Definition and Origins

by Cristian Violatti
published on 05 February 2014
Sima Qian (ZazaPress)

For history lovers, the valuable gift of China ’s long tradition is largely owed to Sima Qian (c. 145 - 86 BCE). Although he is commonly referred to as a Chinese historian, he was actually the Grand Astrologer at the court of Emperor Wu of Han (r. 141 - 87 BCE). Sima Qian was also the author of China's first comprehensive and systematic book on the history of the world (known by the Chinese at that time).


Sima Qian's only known relative is Sima Tan, his father. Nowhere in his autobiography does Sima Qian mention any siblings, mother, wife, or children. Sima Qian was strongly bound to his father who was the Grand Astrologer at the imperial court and he followed in his father's steps by learning the astrologer's profession and himself becoming the Grand Astrologer after his father passed away.
The responsibilities of the office of Grand Astrologer revolved around activities which combined the observation of natural occurrences, record keeping, calendar making, and different forms of divination. During Sima Qian's time, however, the once prestigious office of Grand Astrologer declined in importance. Sima Qian describes his father's work as:
Kept for the amusement and sport of the Emperor, treated the same as the musicians and the jesters, and made light of by the vulgar men of his day.
( Shiji, 8.376)
In his autobiography, Sima Qian tells us that he was deeply moved by his father's death. On his deathbed, Sima Tan told his son about an important task which remained unfinished:
I am dying. You must become the Grand Astrologer, and as the Grand Astrologer do not forget that which I have desired to set in order and write [...] The feudal lords have joined together, but their scribal records have been scattered and discontinued. Now the Han has risen and all the world is united under one rule, yet as Grand Astrologer I have not set in order and recorded the glorious sovereigns, worthy rulers, loyal ministers, and gentlemen who died for righteousness. I am fearful that the historical writings of the world will be discarded. You must bear this in mind.
( Shiji, 130.3295)
Sima Qian agreed to set in order the historical records; this was the last promise he made to his father. Given what we know about the Grand Astrologer's responsibilities, Sima Tan's desire was more personal than professional.
Once Sima Qian was already performing his tasks as Grand Astrologer, and before he could complete his historical work, an important incident took place.
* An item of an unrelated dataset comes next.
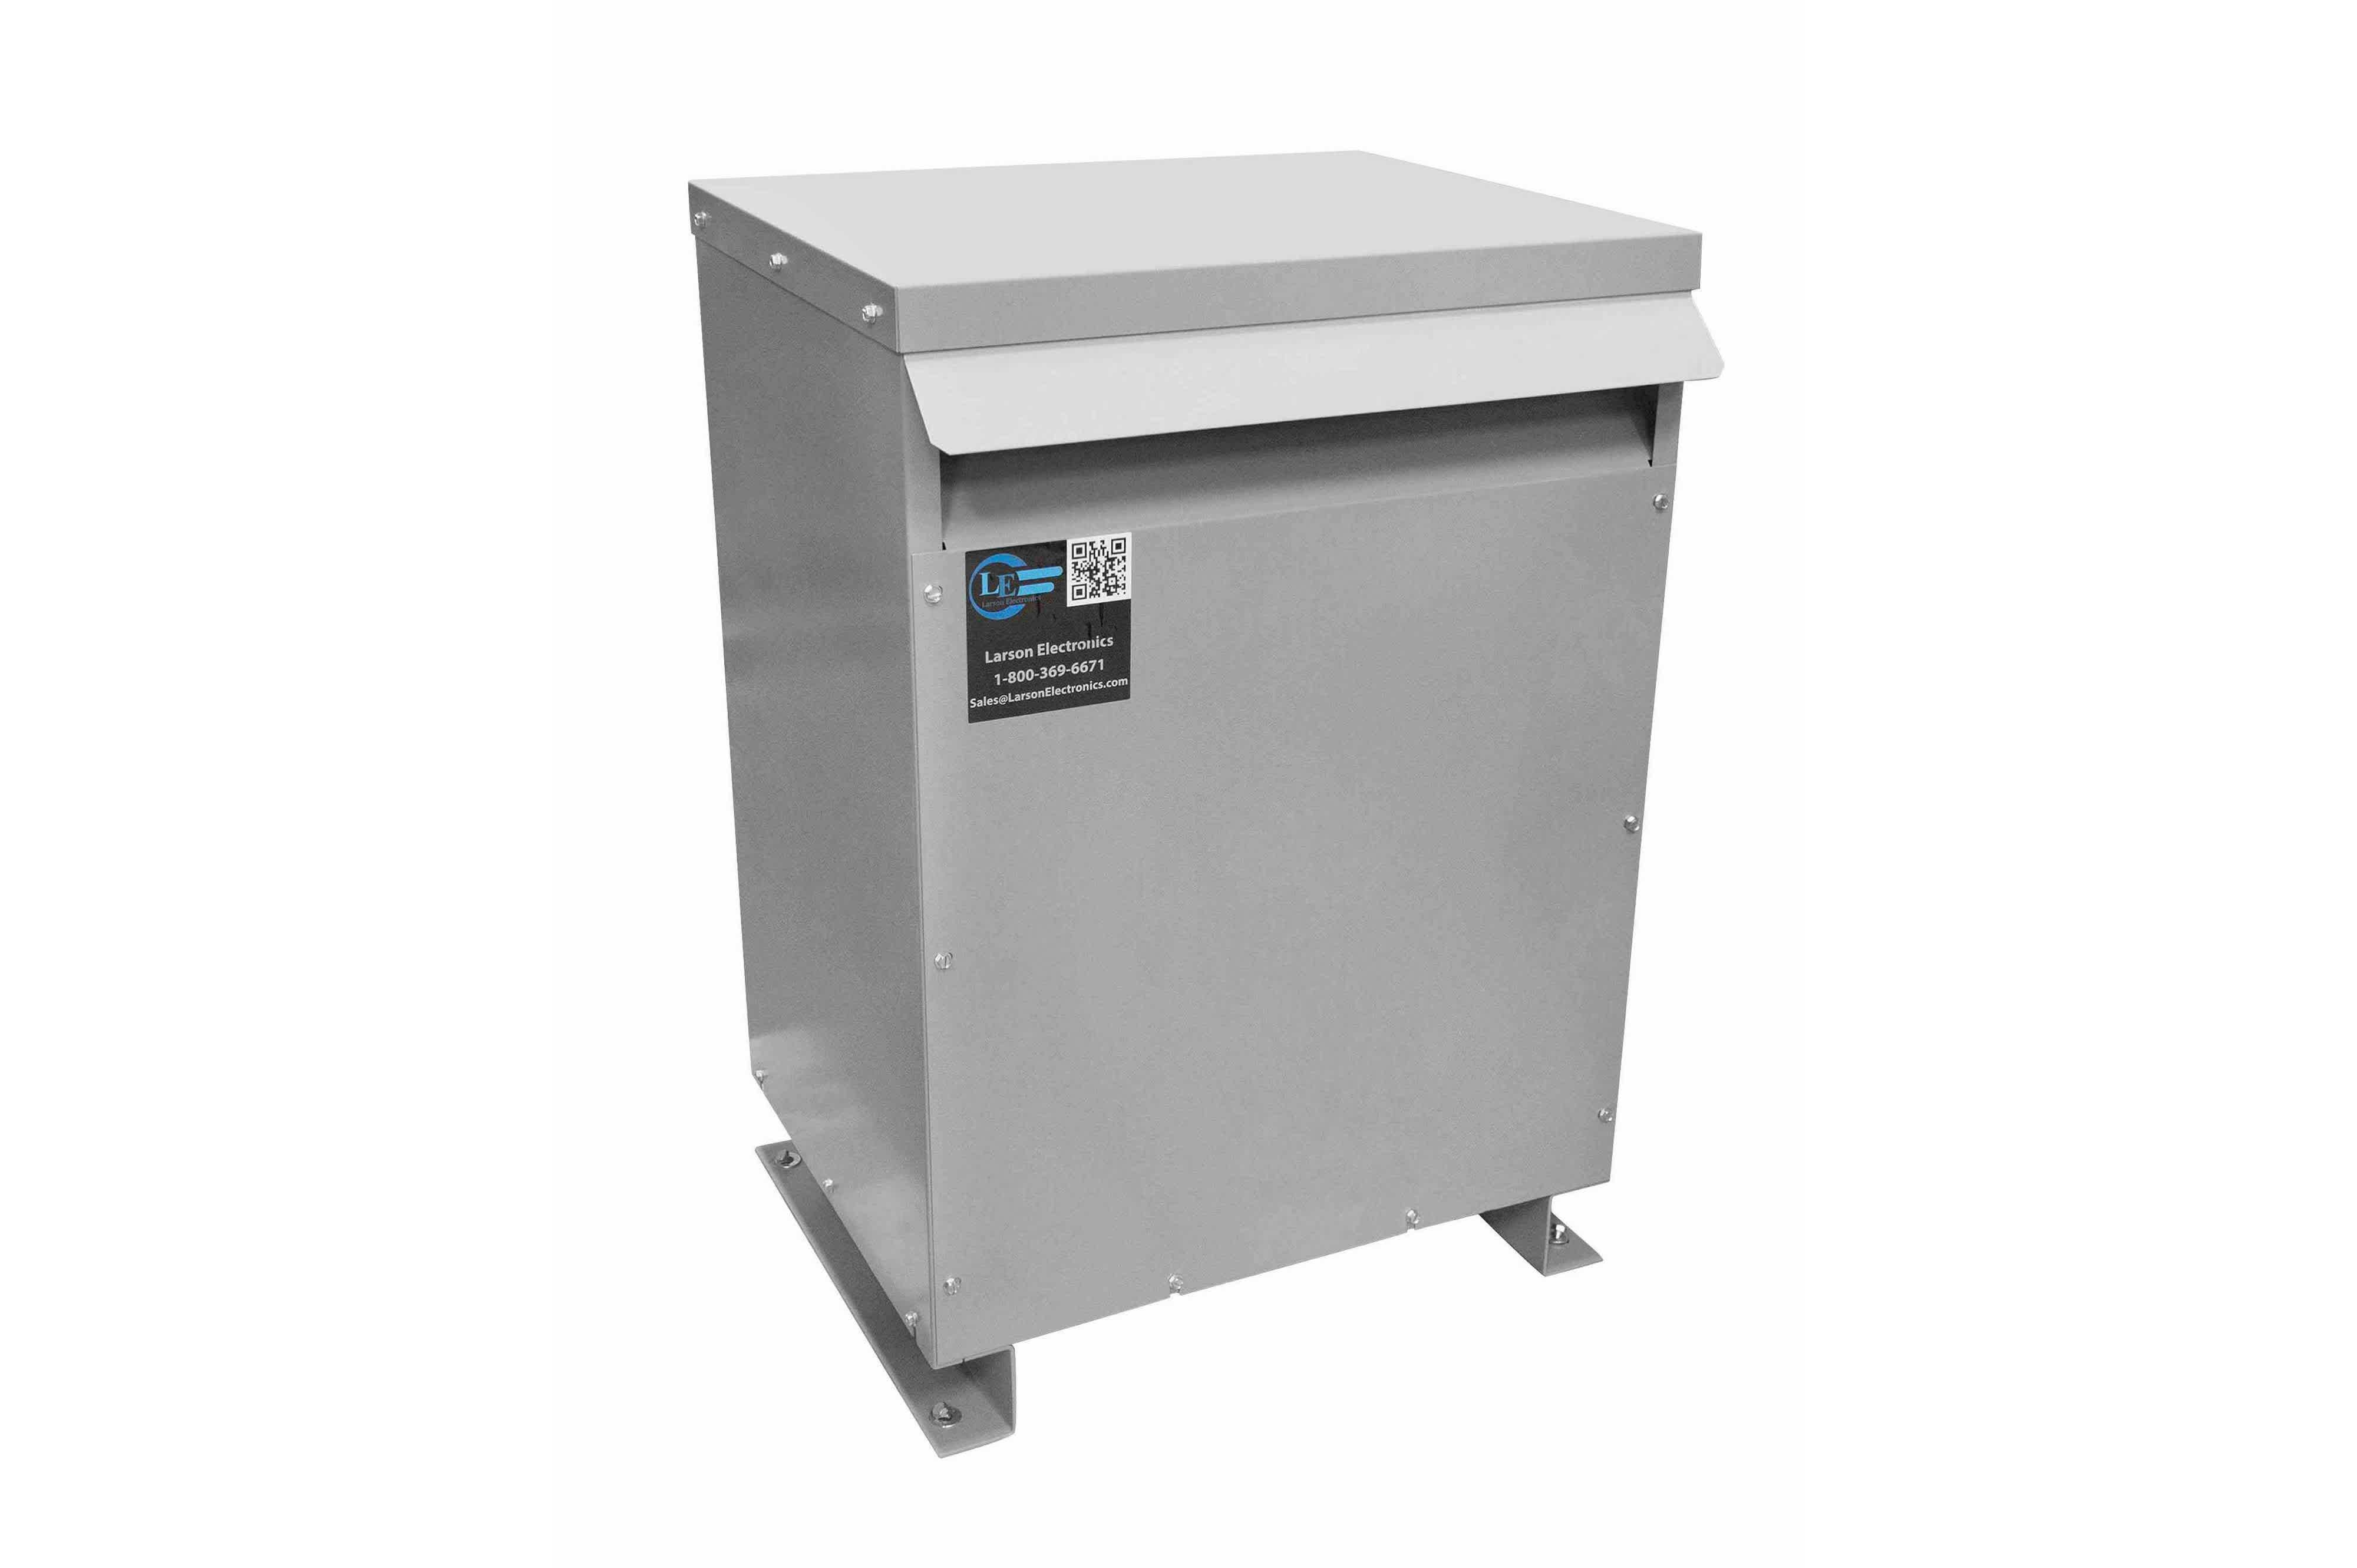 500 kVA 3PH Isolation Transformer, 600V Wye Primary, 240V/120 Delta Secondary, N3R, Ventilated, 60 Hz
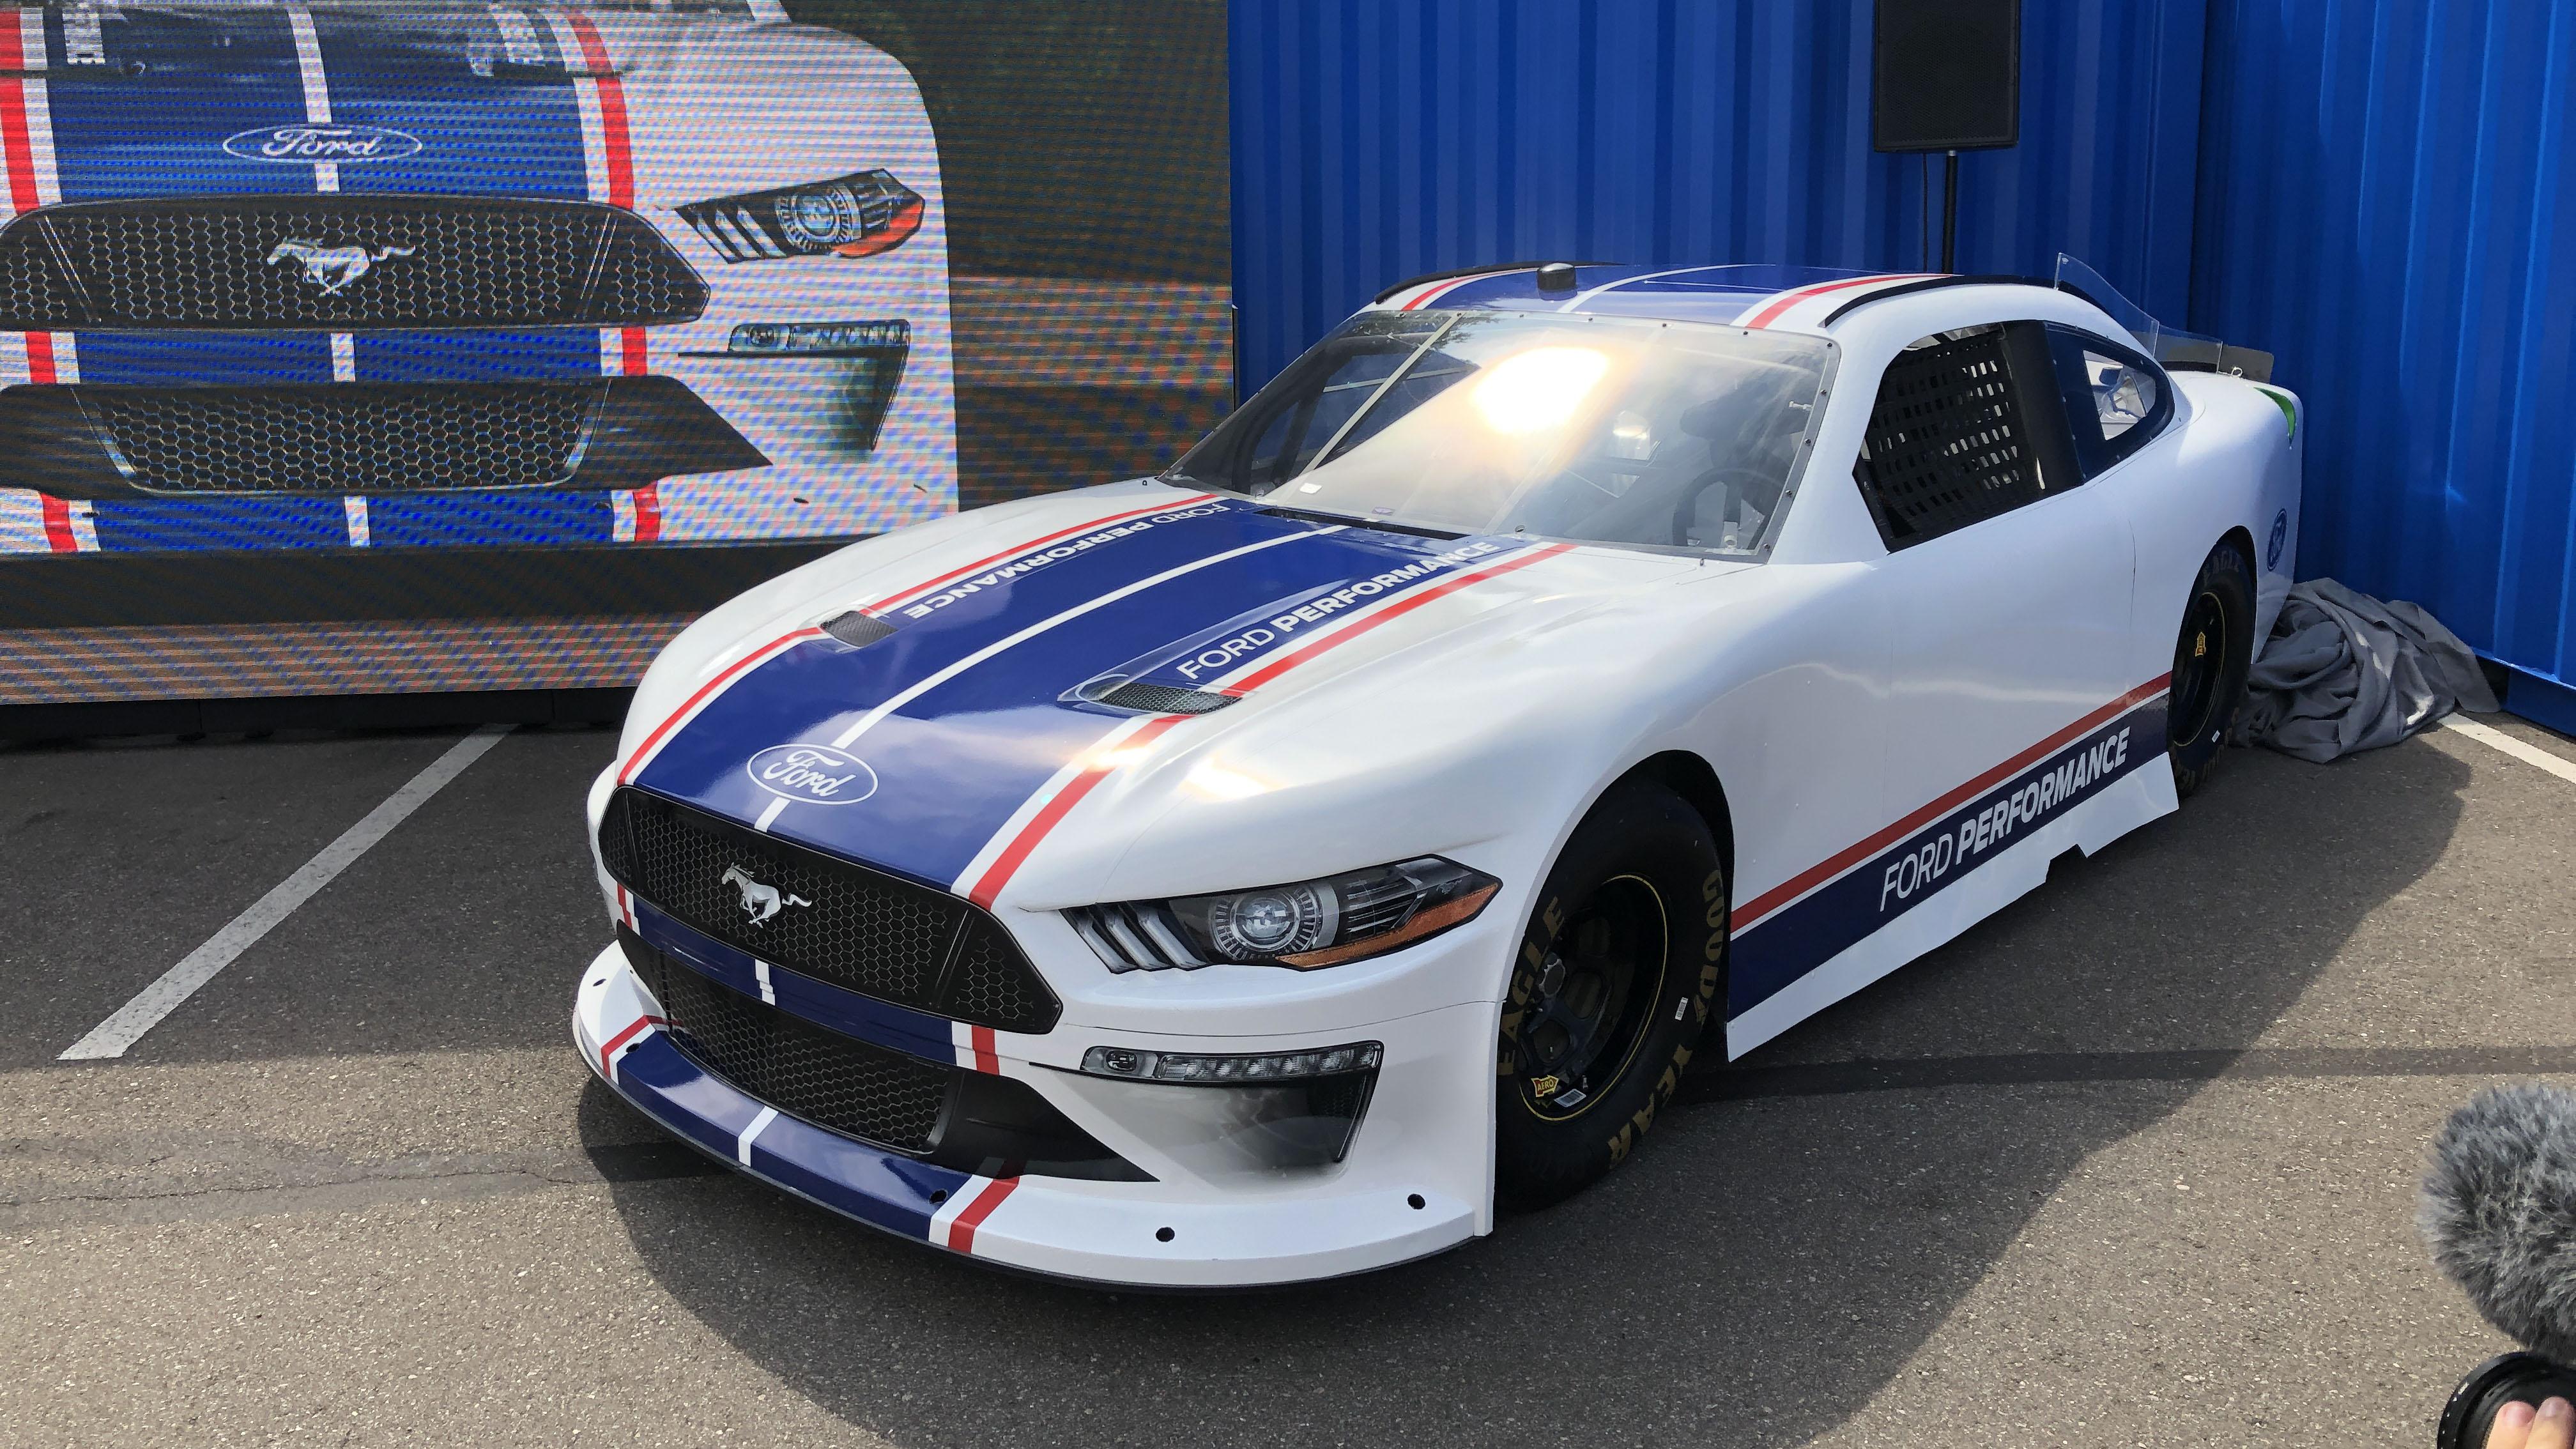 Nascar Ford Mustang 2020

In 99 BCE, a general named Li Ling was sent into barbarian territory leading an army of 5,000 men to fight against nomadic tribes up in the North. The campaign was successful at the beginning but it was followed by total disaster: a combination of heavy casualties, shortage of weapons and food, and a lack of reinforcements forced general Li Ling to surrender. Emperor Wu was furious; the way he saw things, there were only two possible outcomes for generals - either to win or die trying. The courtiers supported Emperor Wu, however, Sima Qian had a different view. He reminded the Emperor about Li Ling's past achievements and claimed that, by surrendering, Li Ling was still able to serve the Emperor, something that only the living could do. After hearing Sima's defence, Emperor Wu was filled with imperial wrath and Sima Qian was charged with “defaming the Emperor”, a crime punishable by death.
During the Han dynasty, it was customary for officials charged of high crimes either to commit suicide or buy their way out of trouble. Neither option pleased Sima Qian as suicide would mean failing his father and his financial resources were not enough to buy his way out; thus, his sentence was changed to castration. There was no greater disgrace for a man than to be castrated, especially for a childless man, given that the funerary rites in China could only be carried out by one's son. His afterlife was thus compromised. On top of the shame and endangering his own condition, castration meant that his family life came to an end. Sima Qian paid this high price in order to complete the work he promised to his father and to honour his father's memory.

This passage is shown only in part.